Sorry, but how is "memfile" any better? memfd abstracted to memfile?! :)

I understand Sean's suggestion about abstracting, but if the new name
makes it harder to grasp and there isn't really an alternative to memfd
in sight, I'm not so sure I enjoy the tried abstraction here.

Otherwise we'd have to get creative now and discuss something like
"file_population_notifer" or "mapping_population_notifer" and I am not
sure that our time is well spent doing so right now.

... as this is kernel-internal, we can always adjust the name as we
please later, once we *actually* now what the abstraction should be.
Until then I'd suggest to KIS and soft-glue this to memfd.

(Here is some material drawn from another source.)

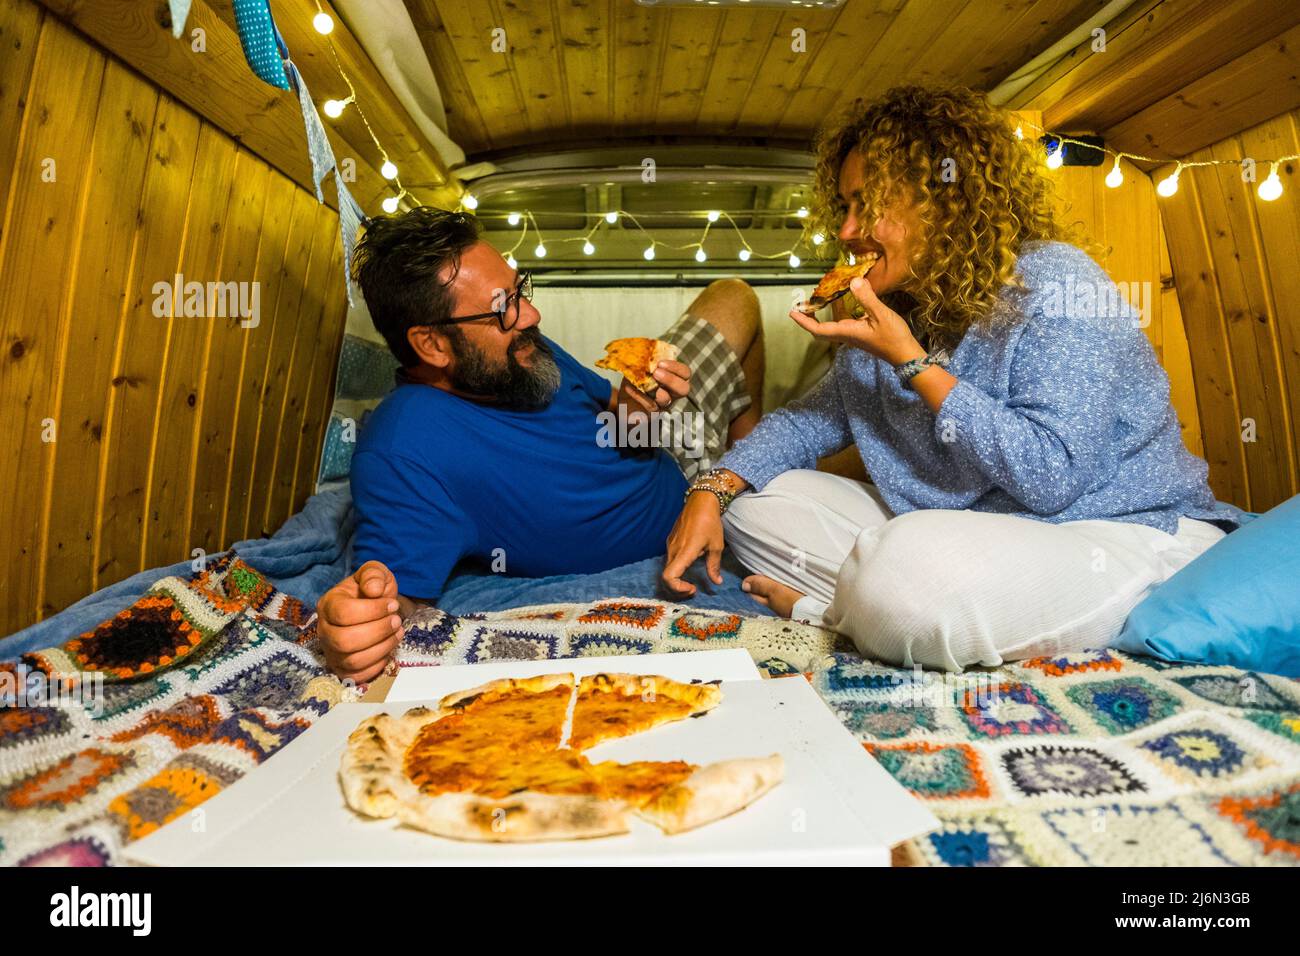 Pärchen haben Spaß beim Essen von Pizza in einem handgefertigten Oldtimer-Kleinbus in einem alternativen Lebensstil und Reiseurlaub - glückliche, romantische Menschen genießen es Stockfoto

Or am I missing something important?
Sean Christopherson Aug. 10, 2022, 2:38 p.m. UTC | #4
+Will

On Wed, Aug 10, 2022, David Hildenbrand wrote:
> On 10.08.22 11:22, Chao Peng wrote:
> > On Fri, Aug 05, 2022 at 03:22:58PM +0200, David Hildenbrand wrote:
> >> On 06.07.22 10:20, Chao Peng wrote:
> >>> This patch introduces memfile_notifier facility so existing memory file
> >>> subsystems (e.g. tmpfs/hugetlbfs) can provide memory pages to allow a
> >>> third kernel component to make use of memory bookmarked in the memory
> >>> file and gets notified when the pages in the memory file become
> >>> invalidated.
> >>
> >> Stupid question, but why is this called "memfile_notifier" and not
> >> "memfd_notifier". We're only dealing with memfd's after all ... which
> >> are anonymous files essentially. Or what am I missing? Are there any
> >> other plans for fs than plain memfd support that I am not aware of?
> > 
> > There were some discussions on this in v3.
> >   https://lkml.org/lkml/2021/12/28/484
> > Sean commented it's OK to abstract it from memfd but he also wants the
> > kAPI (name) should not bind to memfd to make room for future non-memfd
> > usages.
> 
> Sorry, but how is "memfile" any better? memfd abstracted to memfile?! :)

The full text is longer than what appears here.